• [WORK ORDER] Give again, unaltered, the line with "洋二さんは中華料理出身ということもあり、料理は中華鍋で作ることが多い。" and all lines that follow it in the listing below, minus any pictures.
── SOURCE DATA
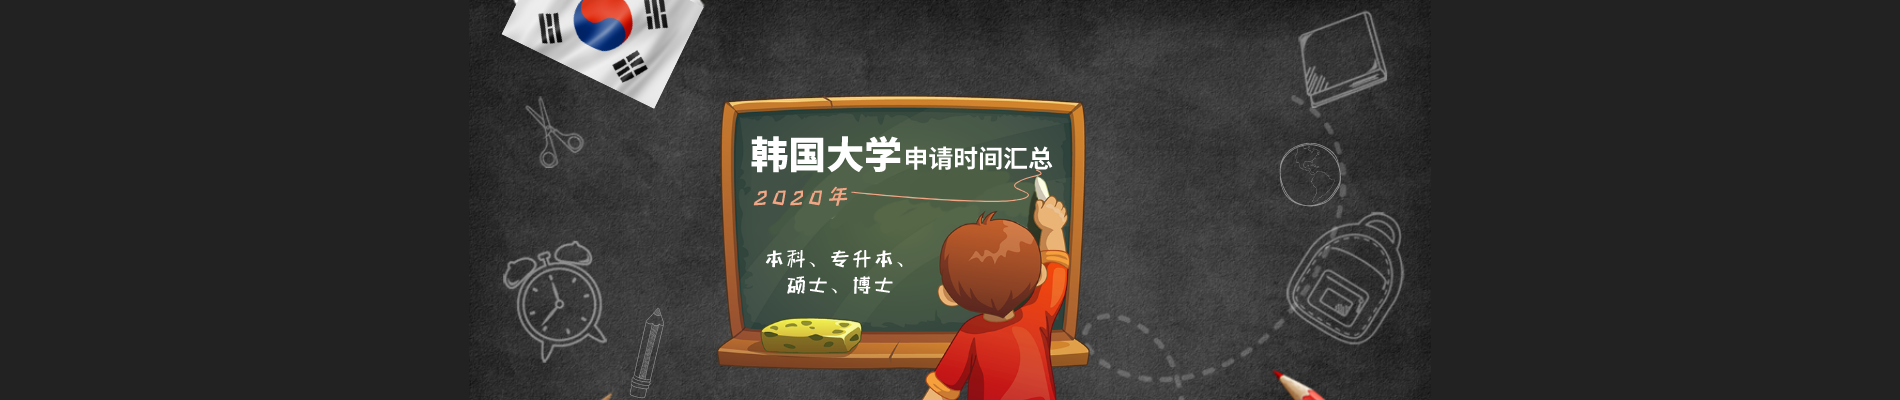 2020年韩国大学申请时间表
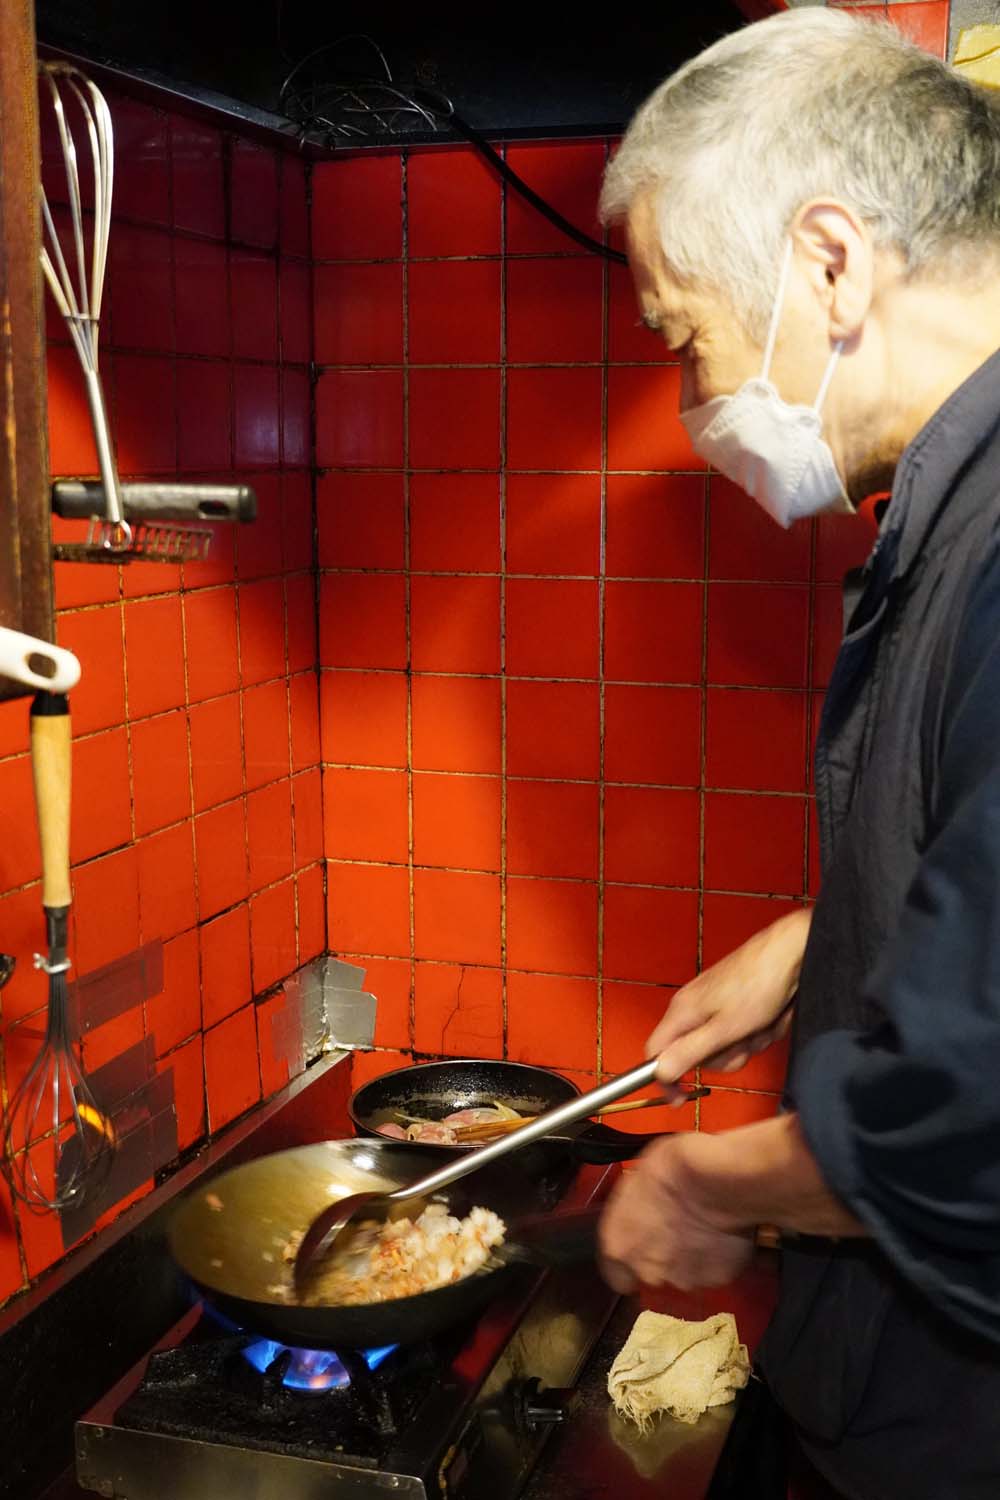 洋二さんは中華料理出身ということもあり、料理は中華鍋で作ることが多い。
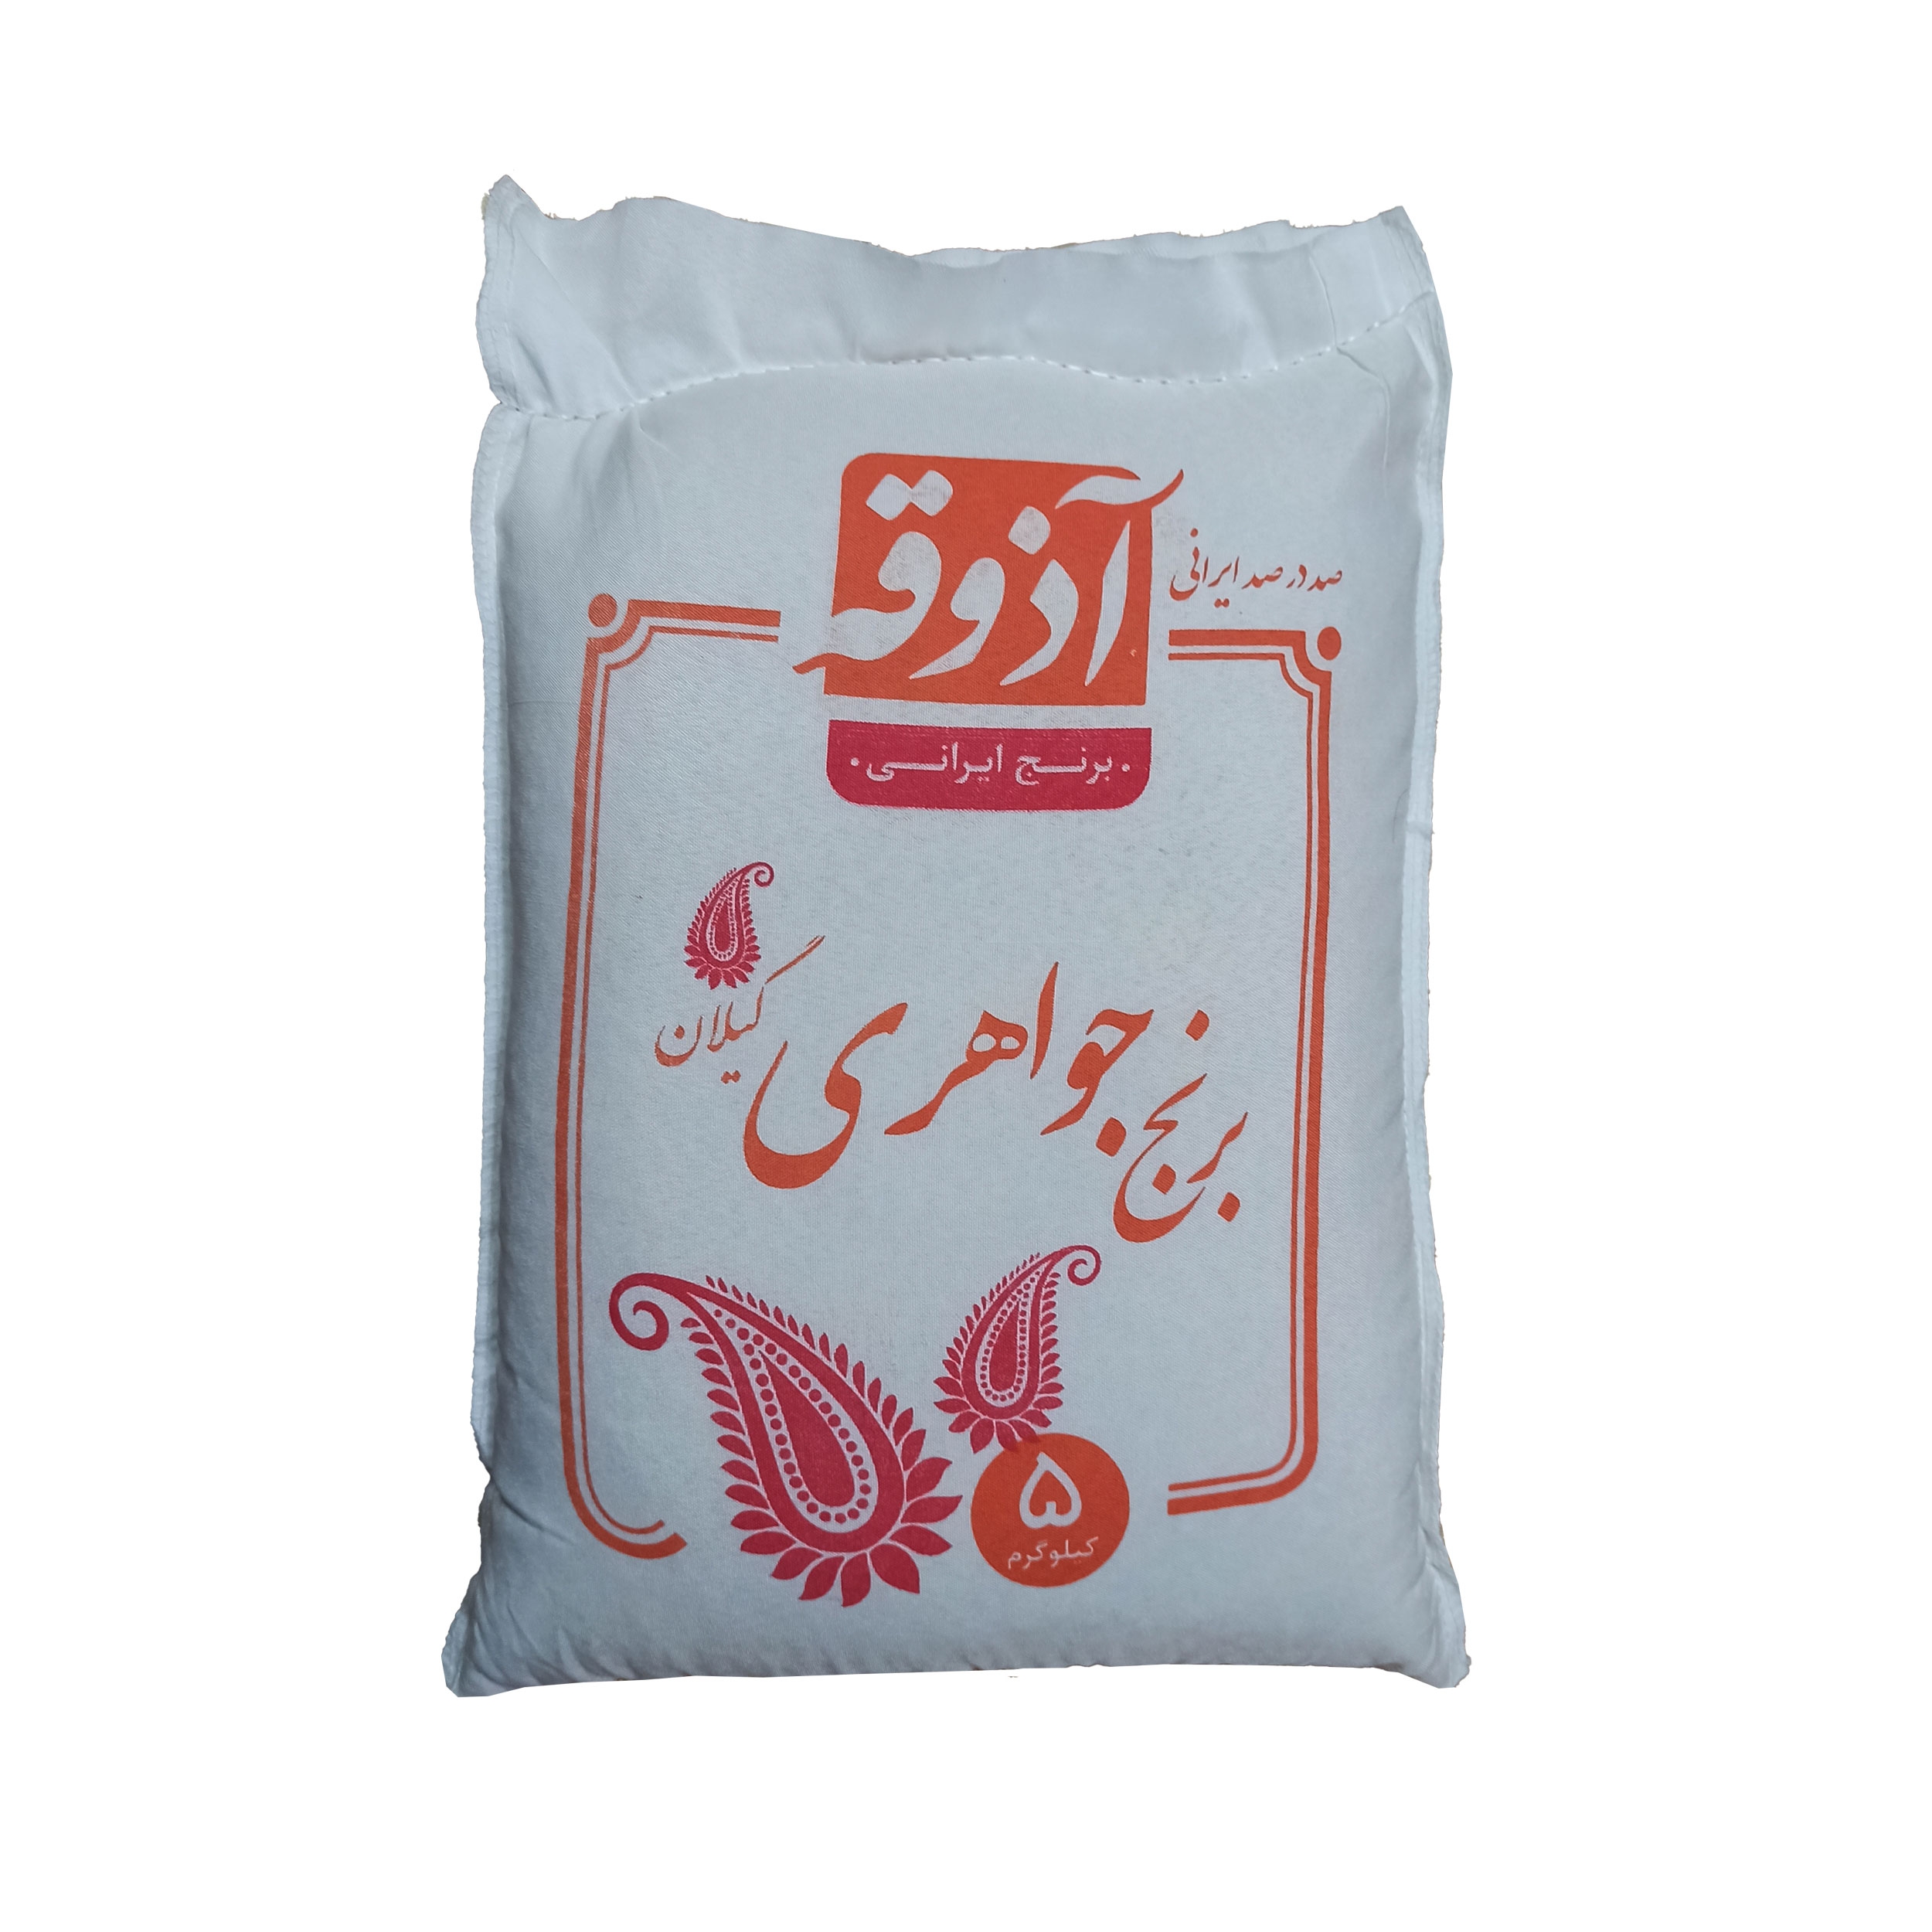 نکته خرید - قیمت روز برنج جواهری گیلان آذوقه - 5 کیلوگرم خرید
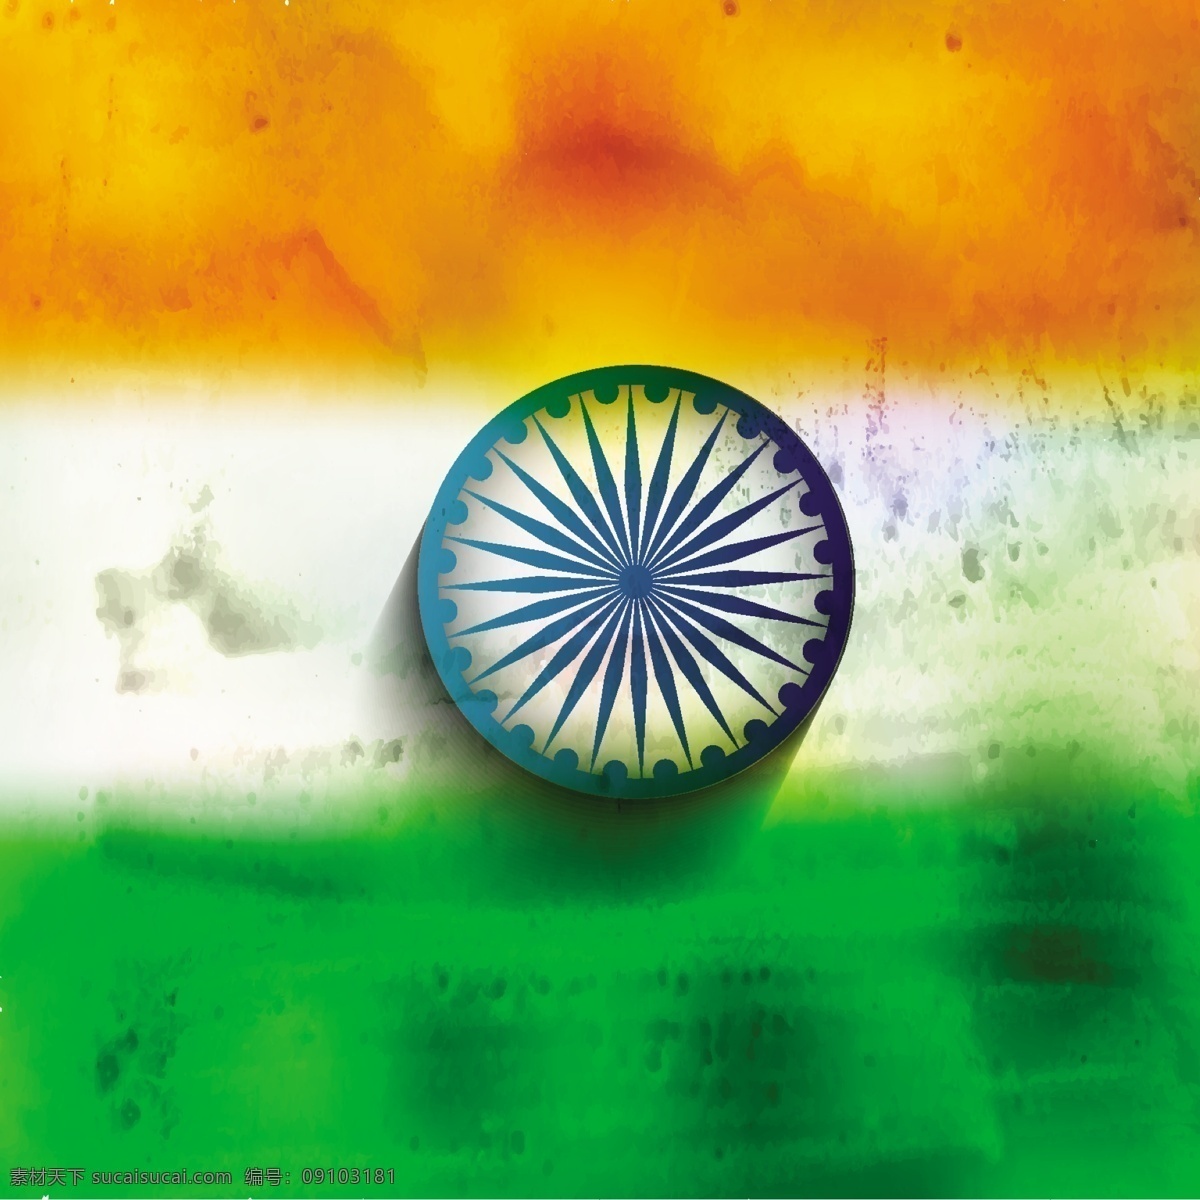 蹩脚 印度 国旗 背景 抽象 垃圾 节 假日 轮 和平 印度国旗 独立日 国家 垃圾背景 自由的一天 政府 爱国 一月 橙色
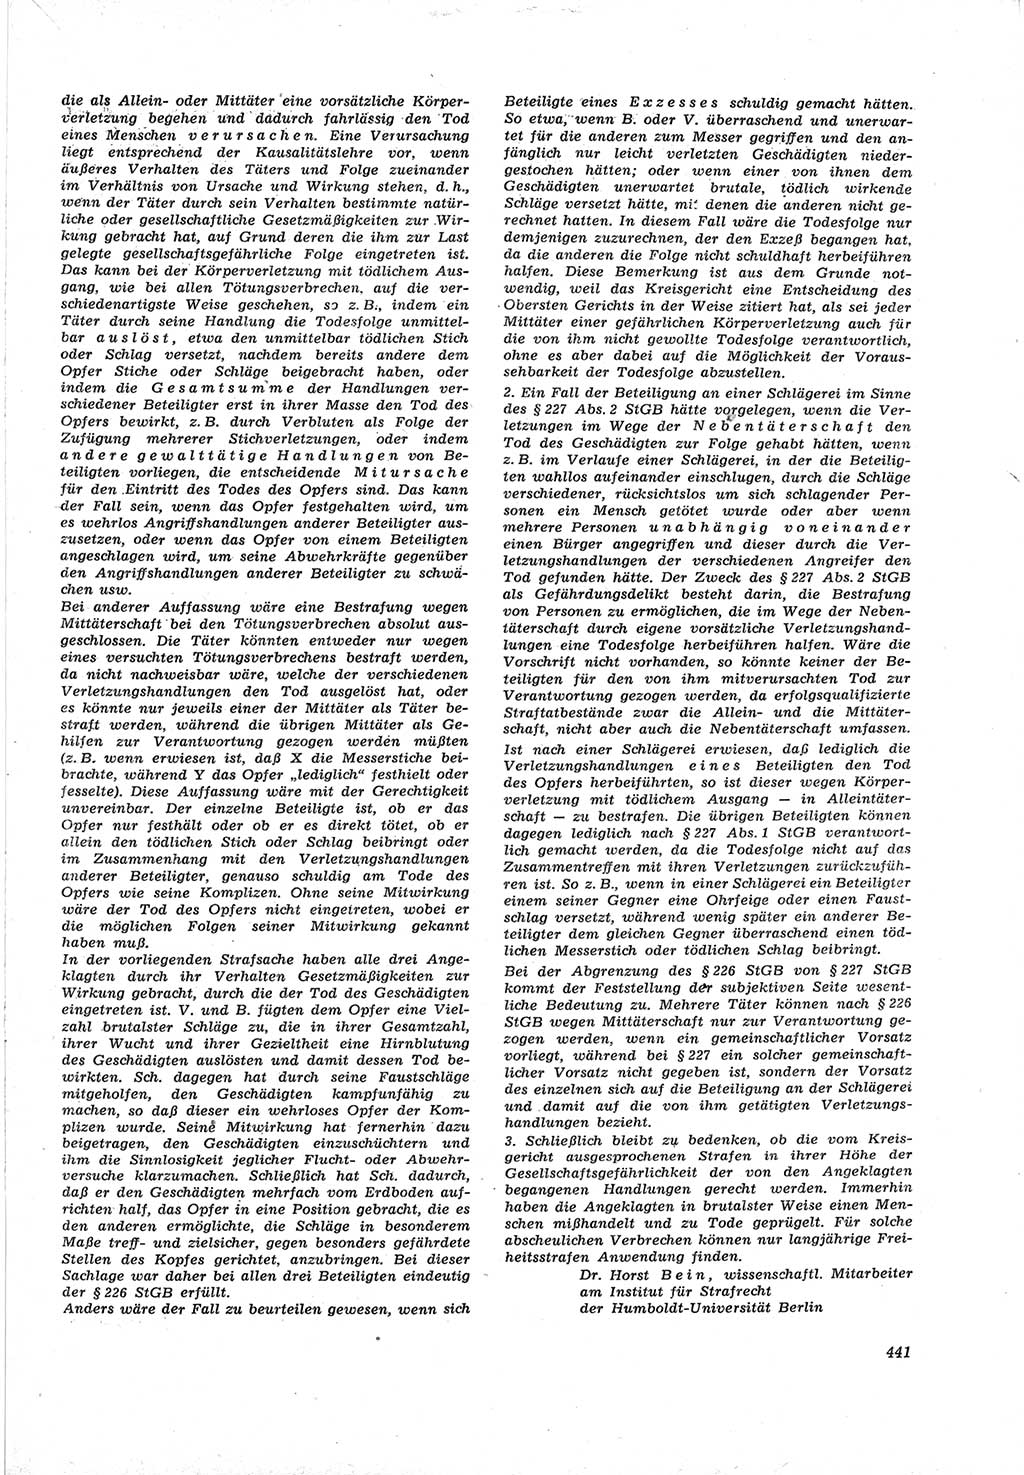 Neue Justiz (NJ), Zeitschrift für Recht und Rechtswissenschaft [Deutsche Demokratische Republik (DDR)], 17. Jahrgang 1963, Seite 441 (NJ DDR 1963, S. 441)
────
• [TASK ANSWER]
 洋二さんは中華料理出身ということもあり、料理は中華鍋で作ることが多い。
 نکته خرید - قیمت روز برنج جواهری گیلان آذوقه - 5 کیلوگرم خرید
 蹩脚 印度 国旗 背景 抽象 垃圾 节 假日 轮 和平 印度国旗 独立日 国家 垃圾背景 自由的一天 政府 爱国 一月 橙色
 Neue Justiz (NJ), Zeitschrift für Recht und Rechtswissenschaft [Deutsche Demokratische Republik (DDR)], 17. Jahrgang 1963, Seite 441 (NJ DDR 1963, S. 441)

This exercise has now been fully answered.